### EXERCISE REQUIREMENTS
The listing below is to be copied exactly, with pictures excluded.

### GIVEN DATA
_____
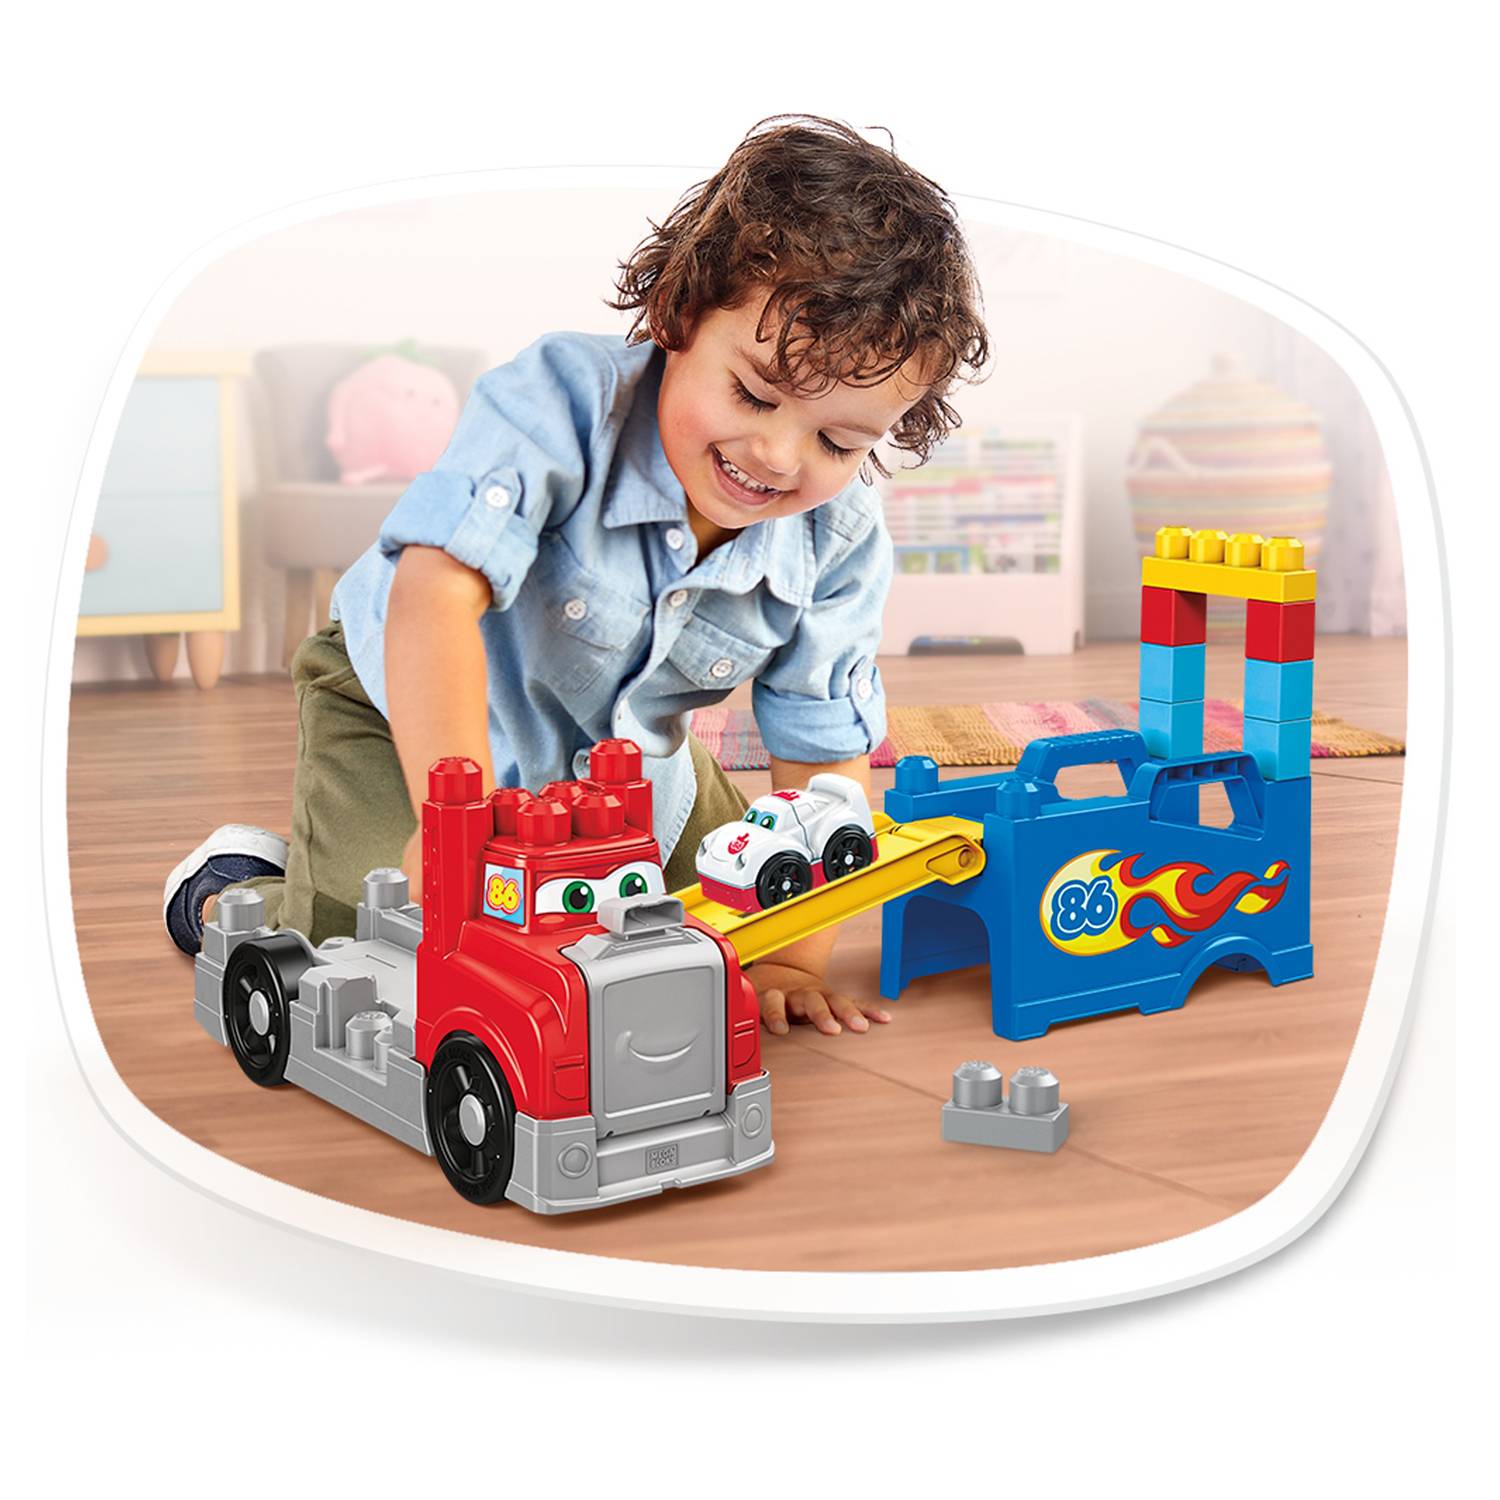 regalo para niños +1 año Mattel GYH94 Mega Bloks Coche para construir Vehículo de juguete de bloques de construcción
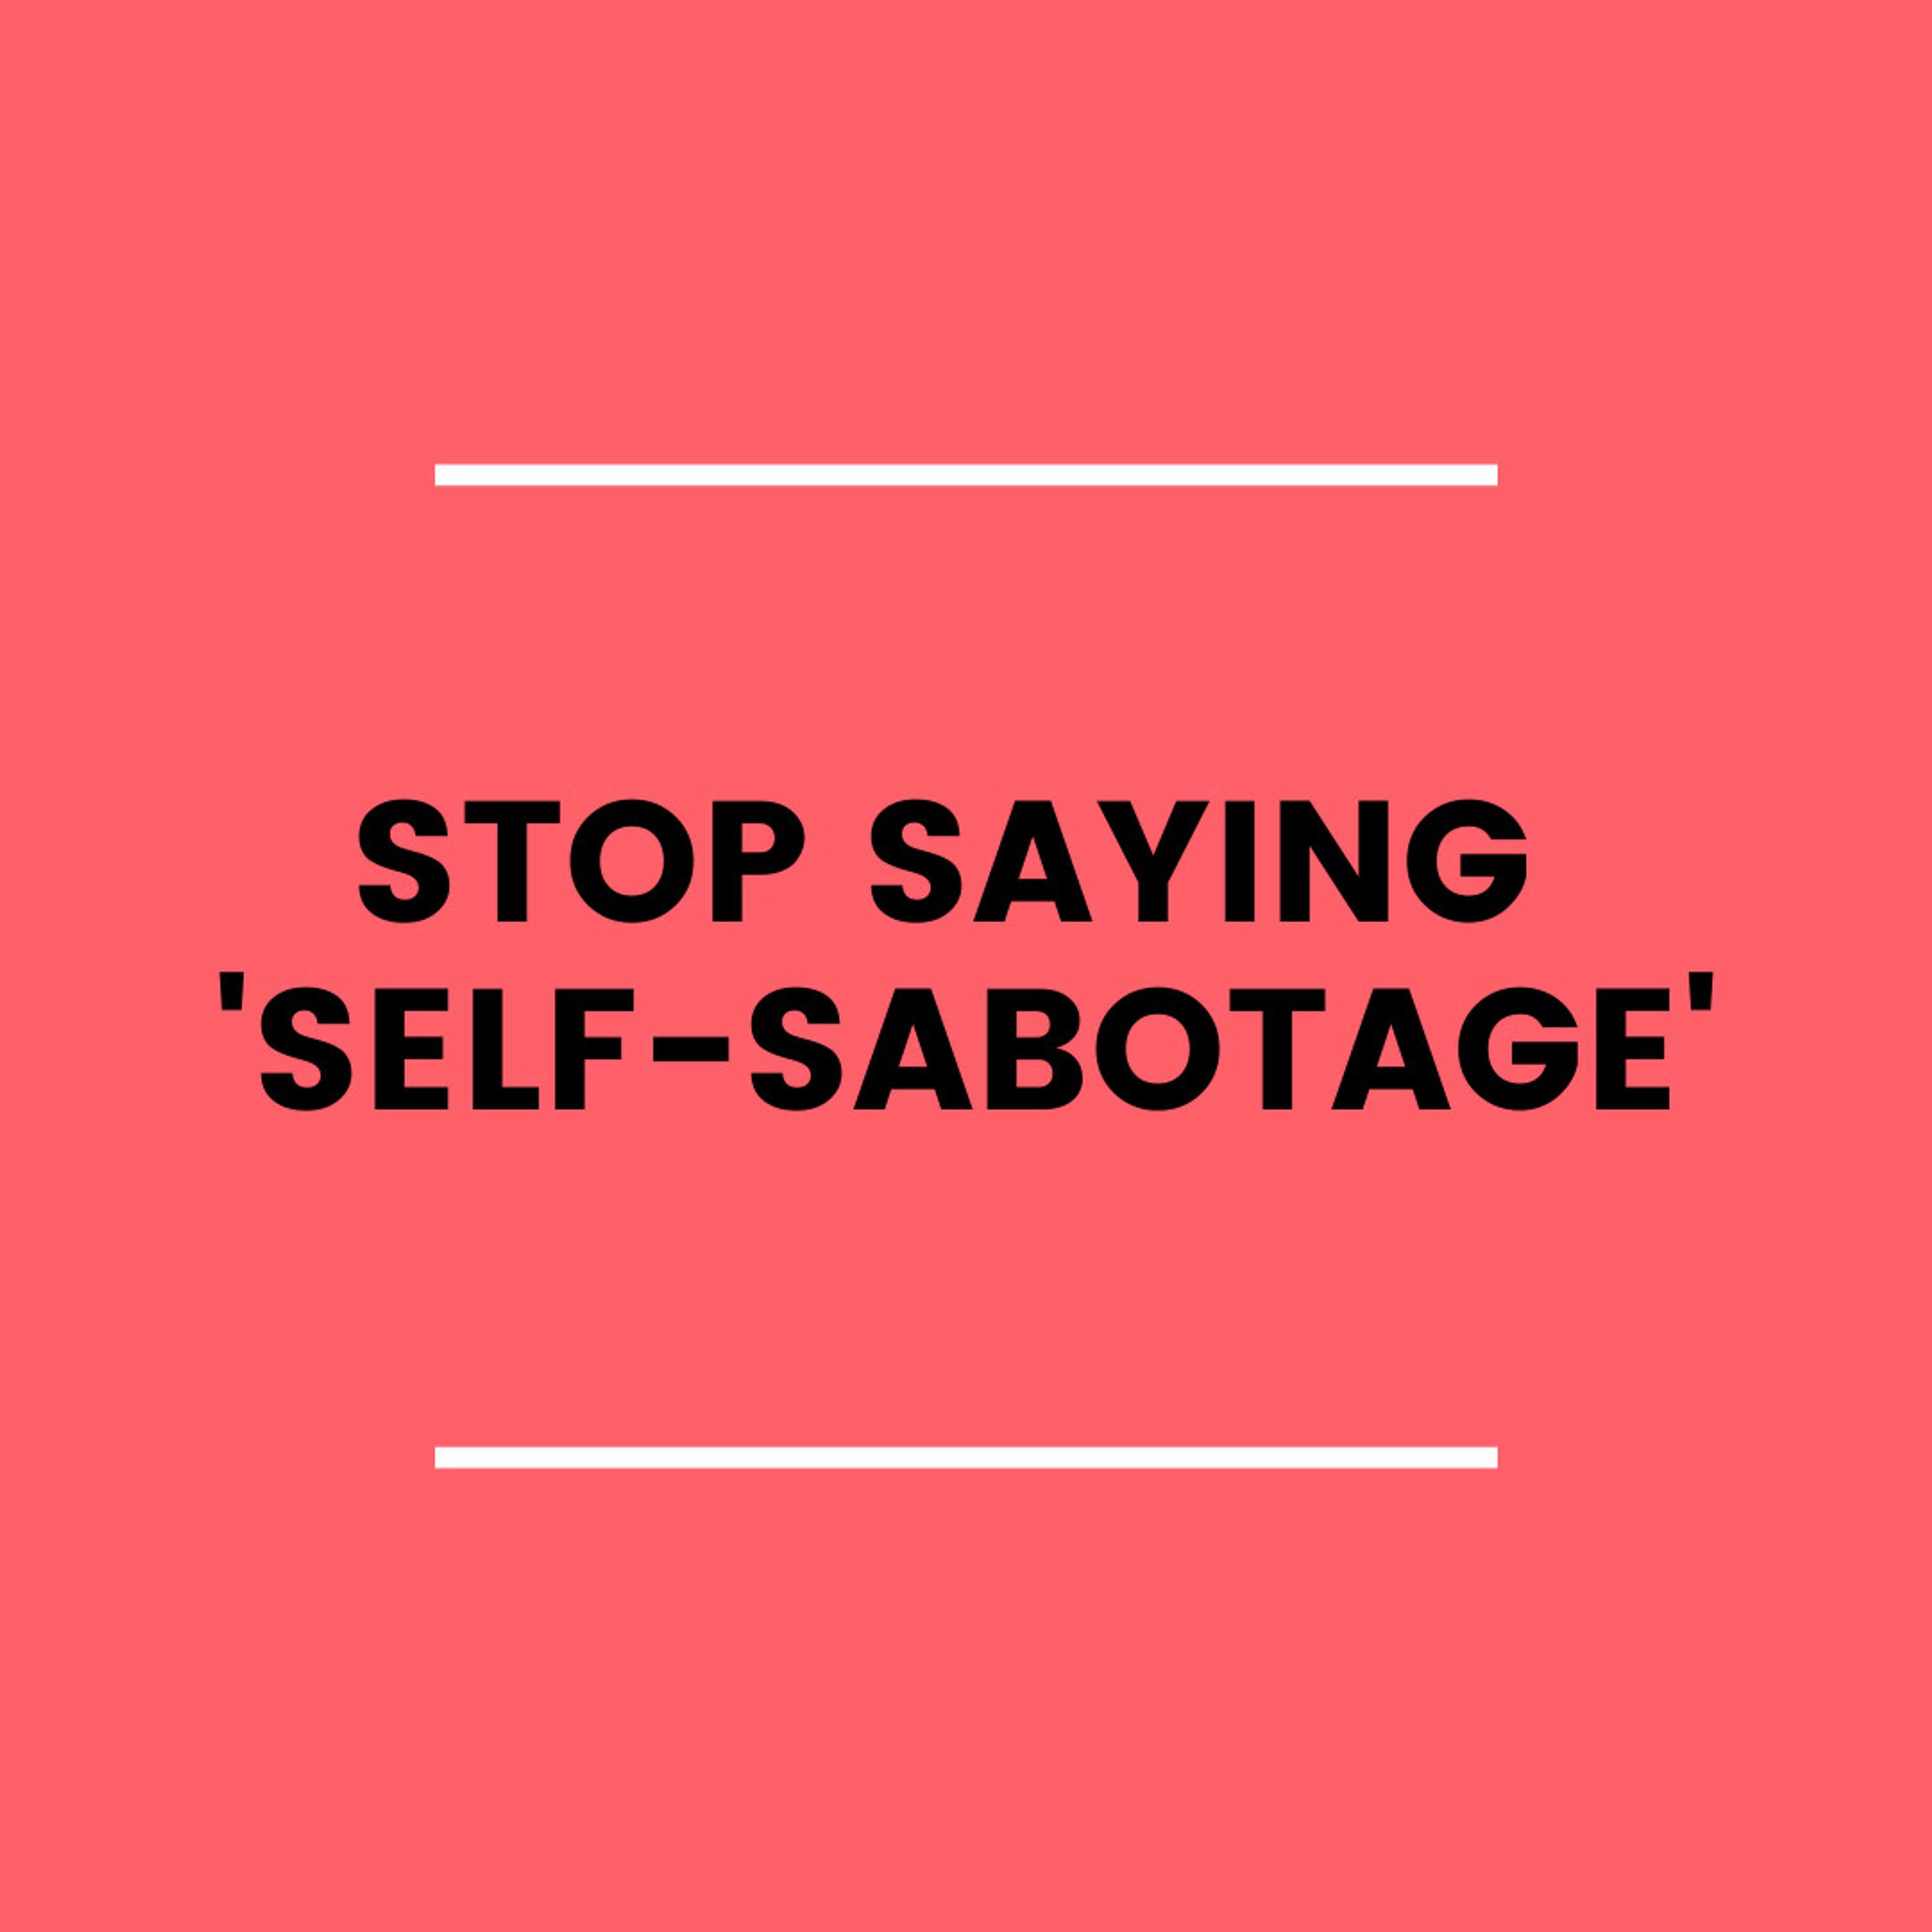 2. Stop Saying 'Self-Sabotage'
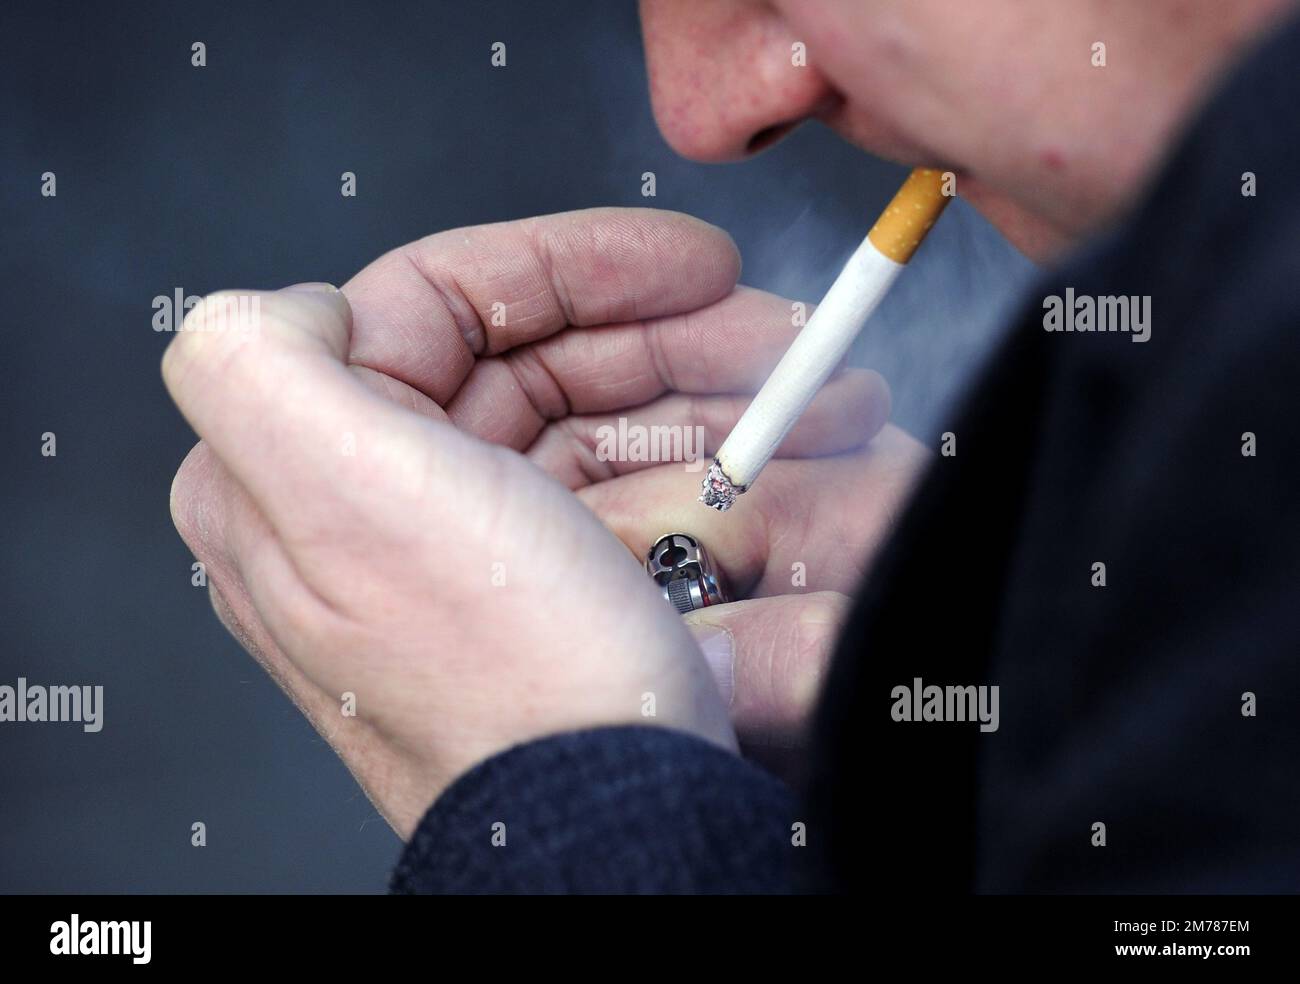 PHOTO POSÉE PAR UN MODÈLE photo du dossier datée du 12/03/13 d'un homme qui fume une cigarette. La vente de cigarettes pourrait être éliminée progressivement dans le cadre des propositions du travail visant à améliorer la santé publique et à alléger la pression sur le NHS. le secrétaire à la Santé de l'ombre, Wes Streeting, a déclaré que le parti se consultera sur un ensemble de mesures, y compris une interdiction progressive du tabac de style néo-zélandais. Date de publication : dimanche 8 janvier 2023. Banque D'Images
_____
### RESULT
 regalo para niños +1 año Mattel GYH94 Mega Bloks Coche para construir Vehículo de juguete de bloques de construcción
 2. Stop Saying 'Self-Sabotage'
 PHOTO POSÉE PAR UN MODÈLE photo du dossier datée du 12/03/13 d'un homme qui fume une cigarette. La vente de cigarettes pourrait être éliminée progressivement dans le cadre des propositions du travail visant à améliorer la santé publique et à alléger la pression sur le NHS. le secrétaire à la Santé de l'ombre, Wes Streeting, a déclaré que le parti se consultera sur un ensemble de mesures, y compris une interdiction progressive du tabac de style néo-zélandais. Date de publication : dimanche 8 janvier 2023. Banque D'Images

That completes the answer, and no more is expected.